FIG. 1 is a block diagram of the system of the present invention;

FIG. 2 is a flow chart of a quantization method of the present invention;

FIG. 3 is a schematic diagram of the forward computational data flow of the quantized convolutional neural network of the present invention;

FIG. 4 is a schematic diagram of a full pipeline architecture of the floating-point function module of the present invention;

FIG. 5 is a schematic diagram of the convolution calculation of the present invention;

FIG. 6 is a diagram of the input form of the DSP port according to the present invention.

Detailed Description

In order to make the objects, technical solutions and advantages of the present invention more apparent, the present invention is described in further detail below with reference to the accompanying drawings and embodiments. It should be understood that the detailed description and specific examples, while indicating the preferred embodiment of the invention, are intended for purposes of illustration only and are not intended to limit the scope of the invention. The components of embodiments of the present invention generally described and illustrated in the figures herein may be arranged and designed in a wide variety of different configurations.

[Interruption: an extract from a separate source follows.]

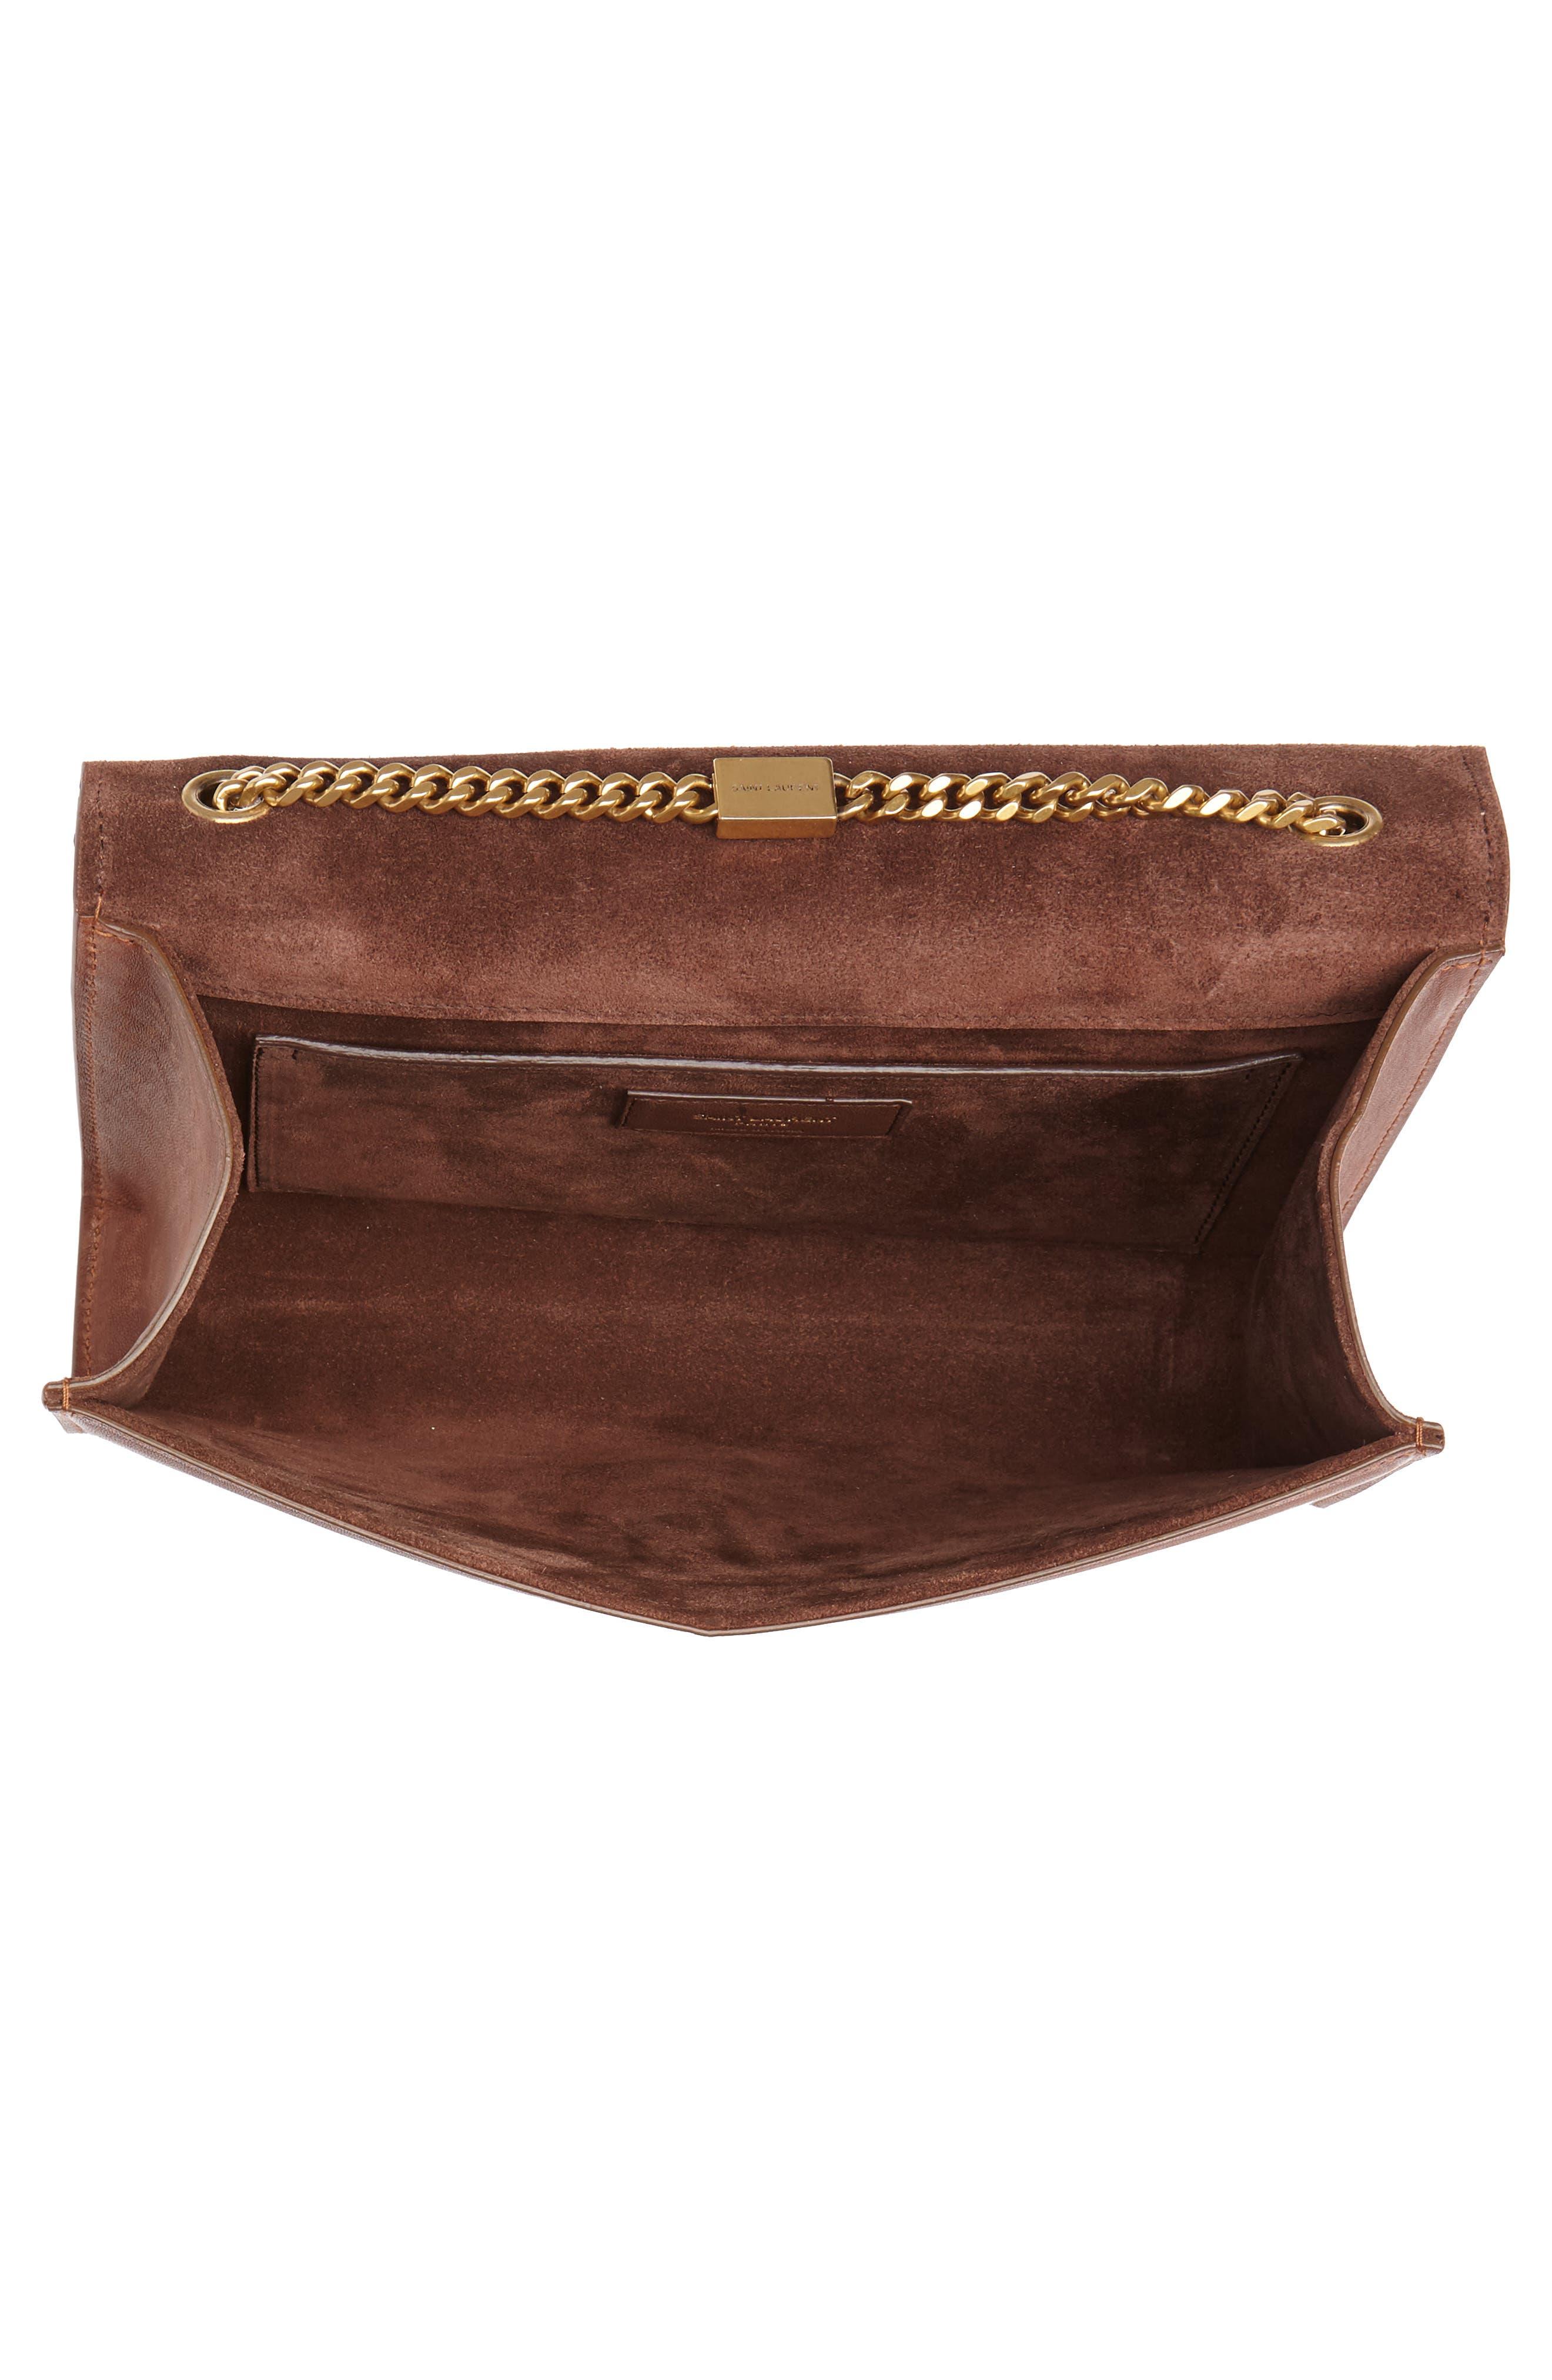 Medium Kate Studded Leather Crossbody Bag,                             Alternate thumbnail 4, color,                             BROWN MULTI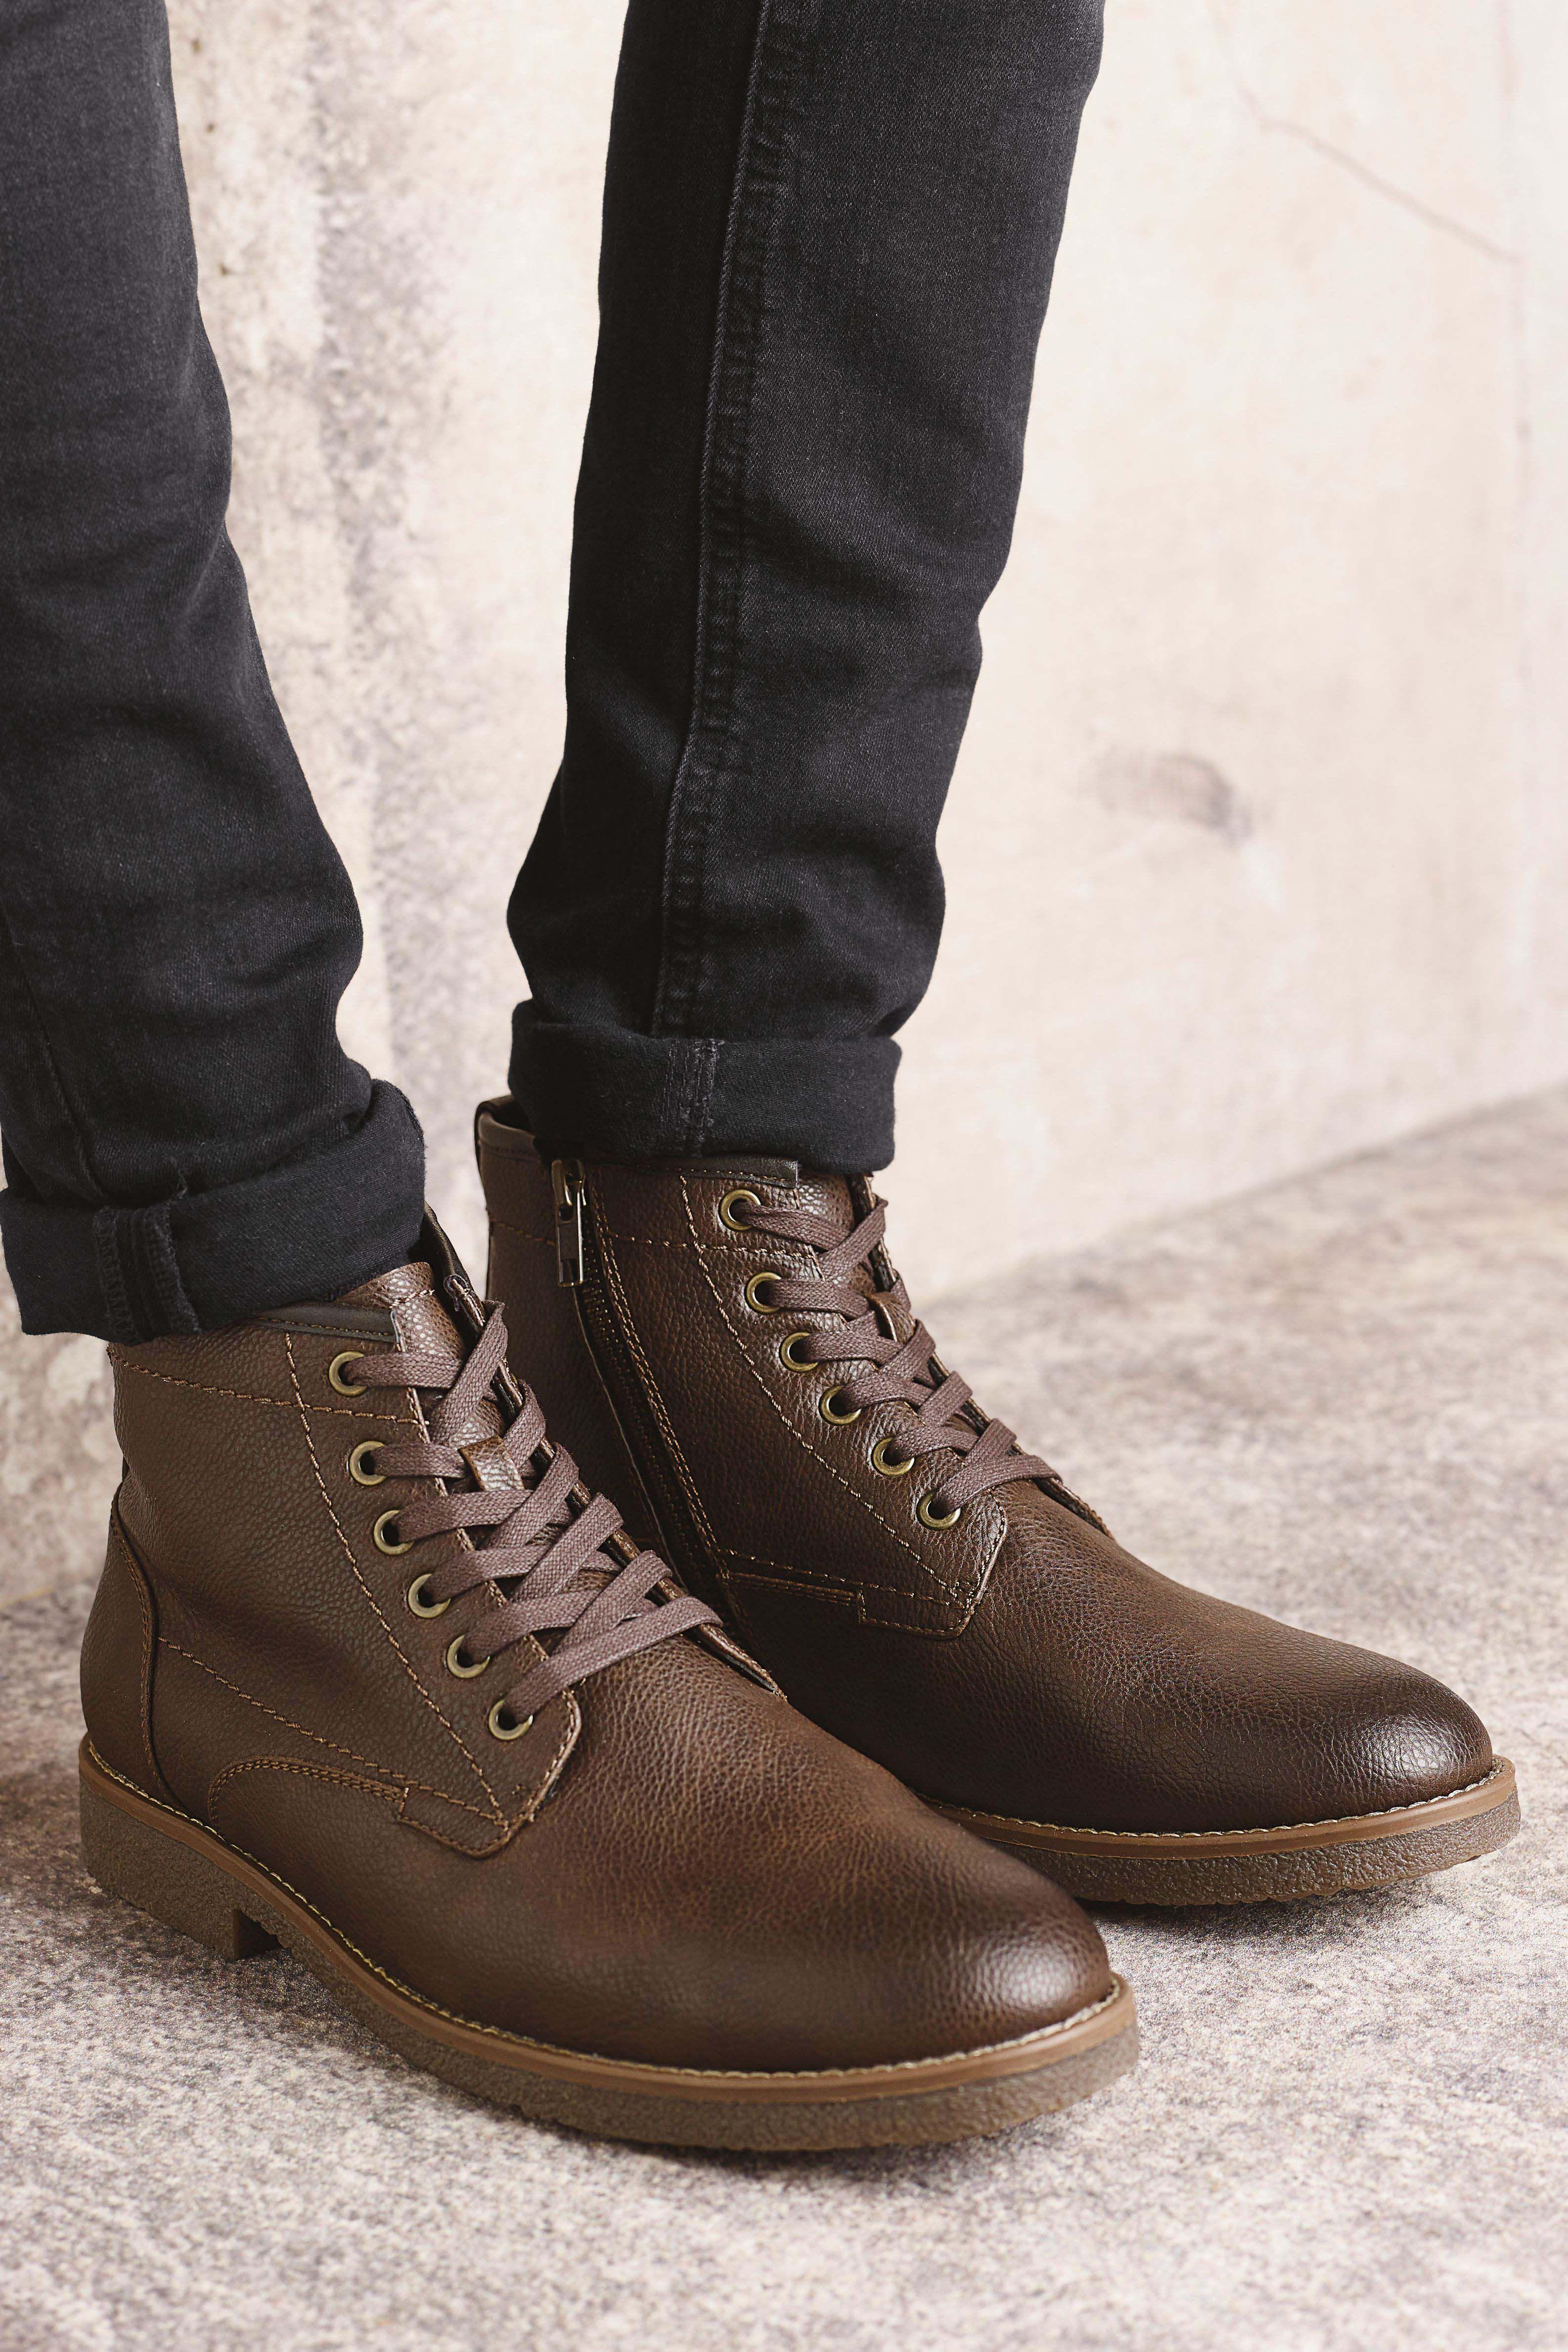 Brown boots, Boots, Dress shoes men

Thus, the following detailed description of the embodiments of the present invention, presented in the figures, is not intended to limit the scope of the invention, as claimed, but is merely representative of selected embodiments of the invention. All other embodiments, which can be derived by a person skilled in the art from the embodiments of the present invention without making any creative effort, shall fall within the protection scope of the present invention.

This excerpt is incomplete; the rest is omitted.